KMWX

Abilene, Texas; United States;
- Broadcast area: Abilene, Texas
- Frequency: 92.5 MHz
- Branding: 92.5 The Ranch

Programming
- Format: Red dirt country
- Affiliations: Houston Texans Radio Network

Ownership
- Owner: Townsquare Media; (Townsquare License, LLC);
- Sister stations: KEAN-FM, KEYJ-FM, KULL, KYYW

History
- First air date: 1997 (as KROW)
- Former call signs: KFXJ (1989–1997) KROW (1997–1998) KULL (1998–2012)
- Call sign meaning: Similar to "mix" (former branding)

Technical information
- Licensing authority: FCC
- Facility ID: 22158
- Class: C2
- ERP: 27,500 watts
- HAAT: 202 meters (663 ft)

Links
- Public license information: Public file; LMS;
- Webcast: Listen Live
- Website: 925theranch.com

= KMWX =

KMWX (92.5 FM) is a commercial radio station located in Abilene, Texas.
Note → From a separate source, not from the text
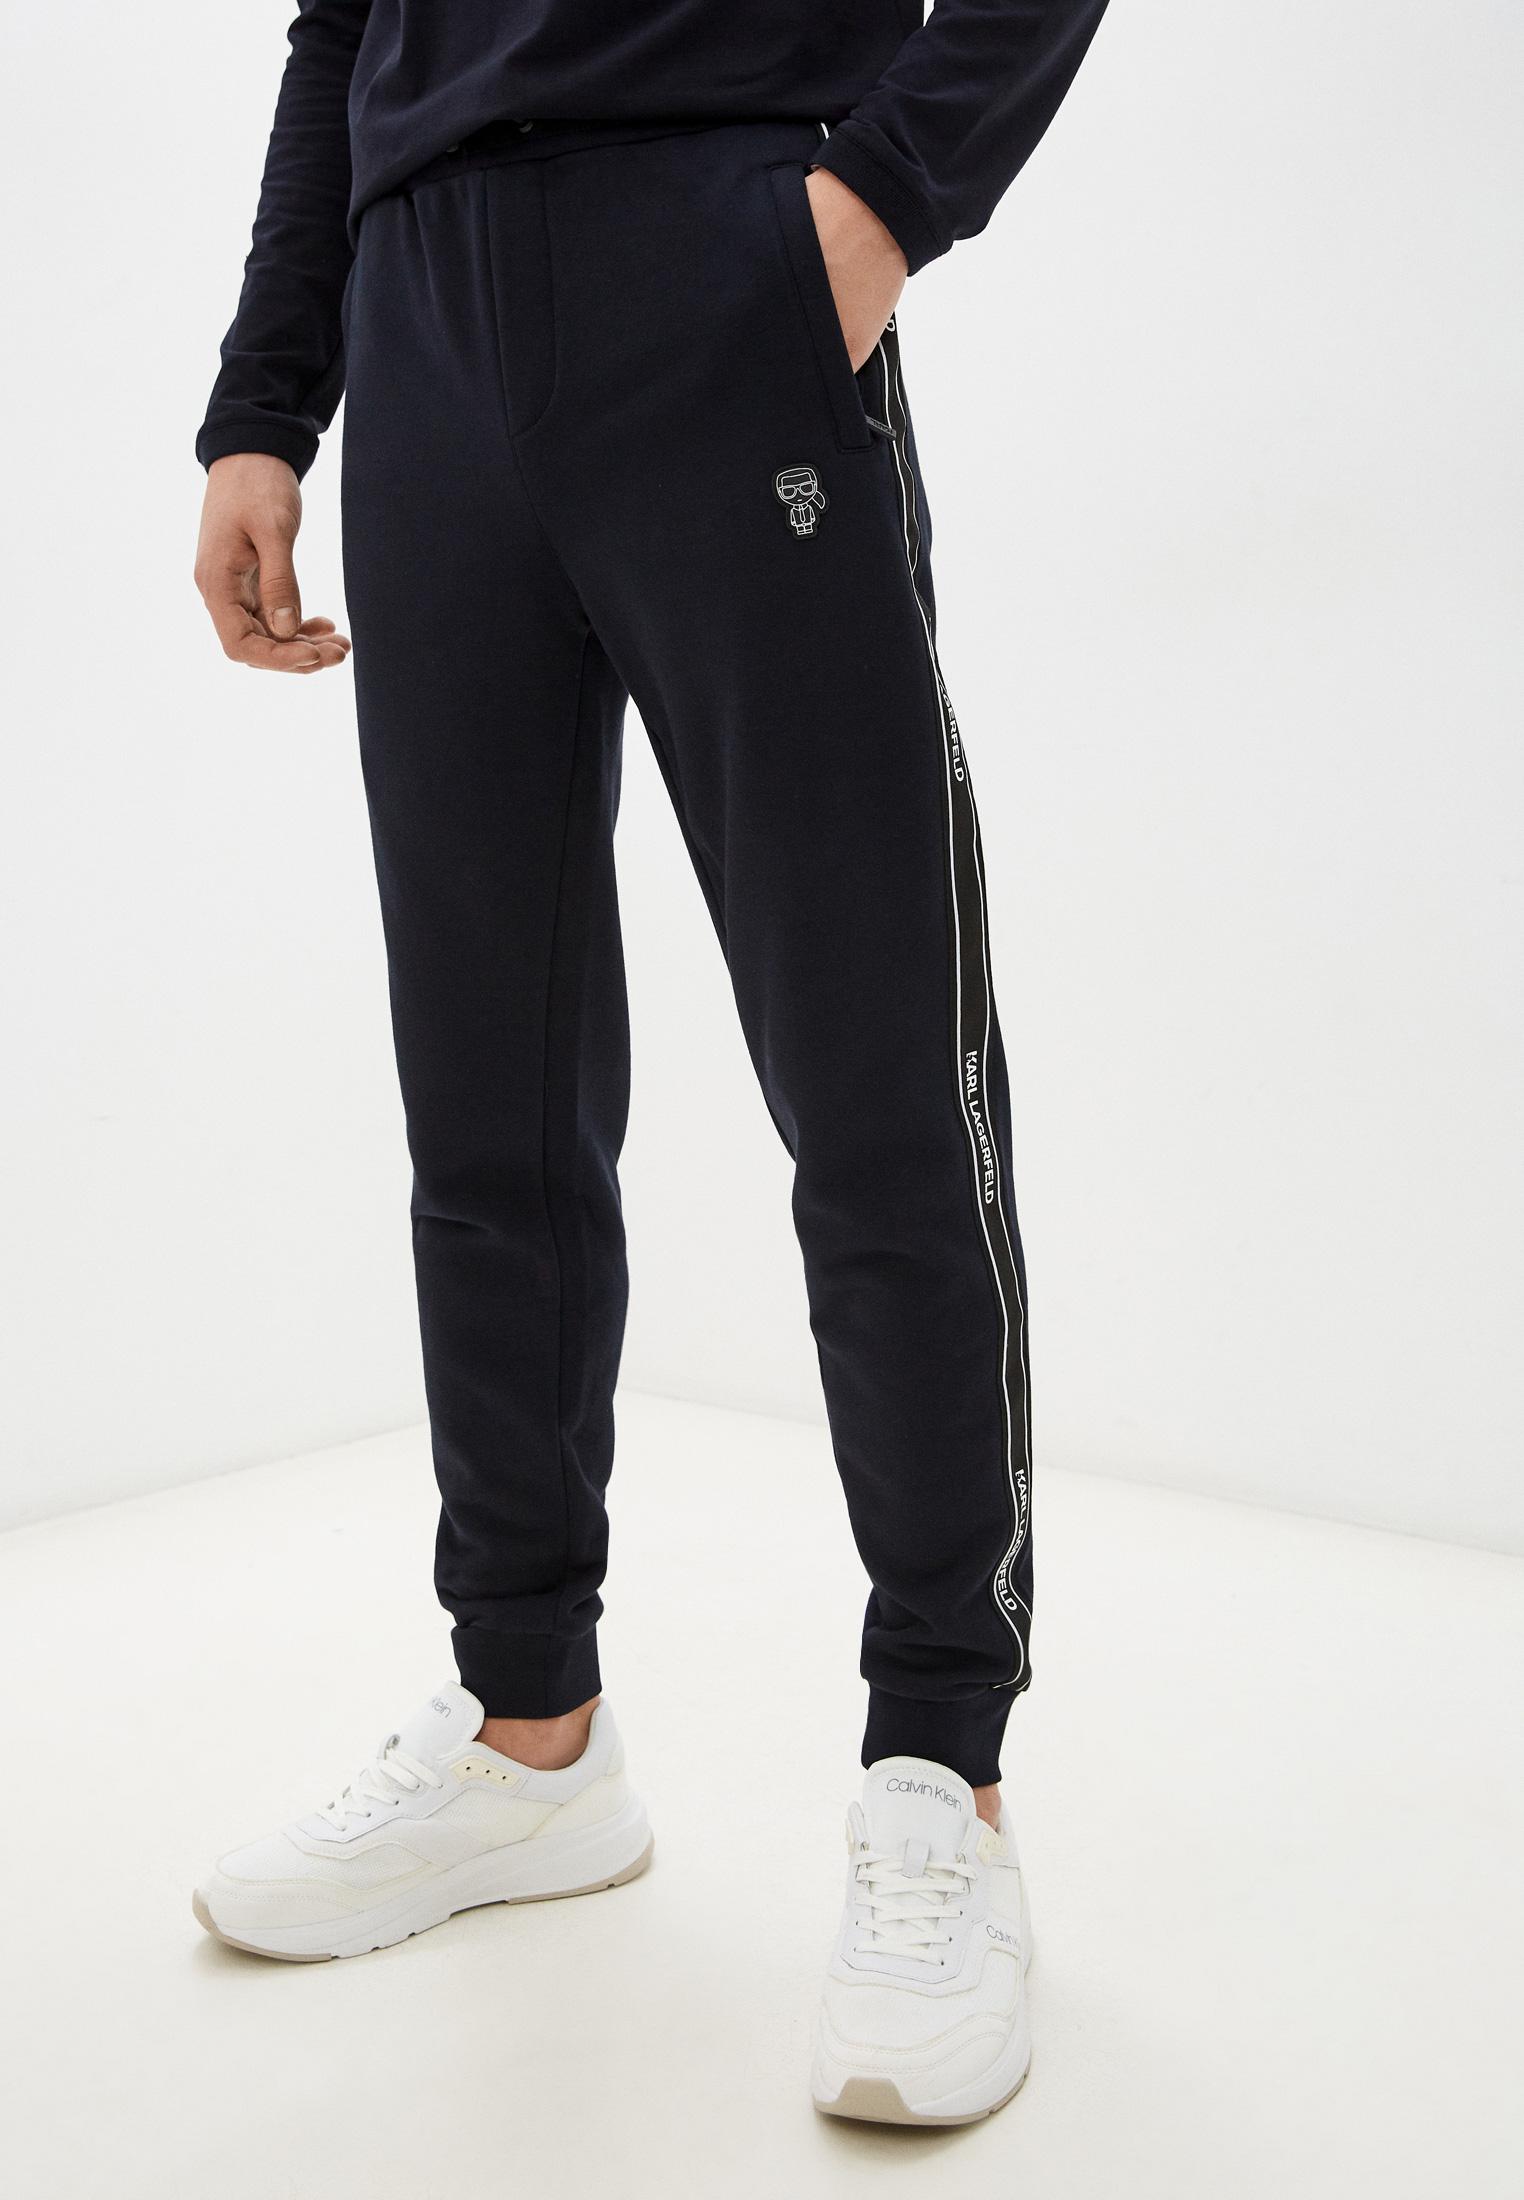 Мужские спортивные брюки Karl Lagerfeld (Карл Лагерфельд) 512910-705028
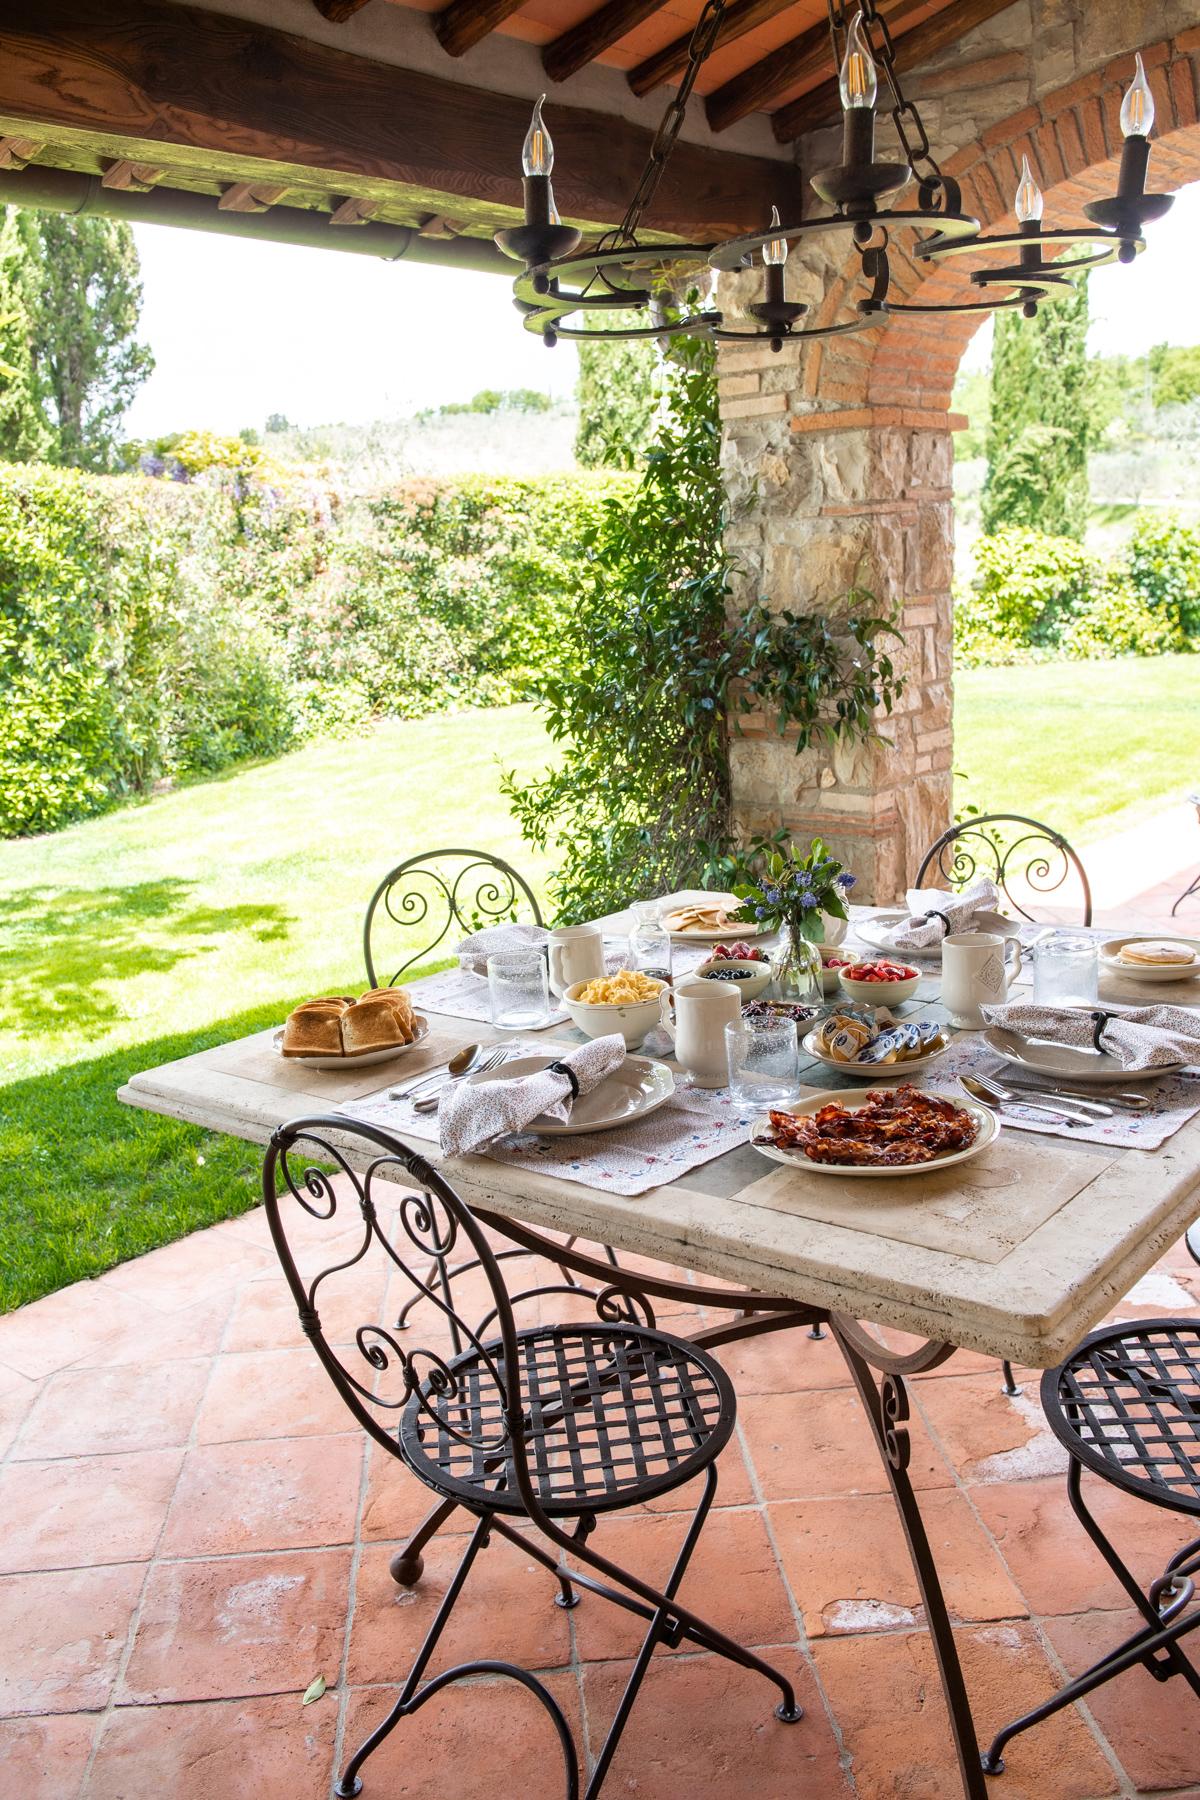 Stacie Flinner x Cuvee Tuscan Farmhouse Villa Tuscany Italy Guide-2.jpg

KMWX airs a red dirt country music format branded as "92.5 The Ranch".

==History==
KULL aired an oldies music format branded as "Kool 92" until April 11, 2005. In 2005, it became Mix 92.5 with a hot adult contemporary format. Over the years, the format meandered between soft and hot adult contemporary but under GAP Broadcasting and Townsquare media the company classified the format at HOT AC. The call sign changed. The oldies format that had been on 92.5 resurfaced on KULL-FM at 100.7.

On January 9, 2023, the station flipped to a Texas and red dirt country format as "92.5 The Ranch", assuming the main signal in a simulcast with sister station KSLI.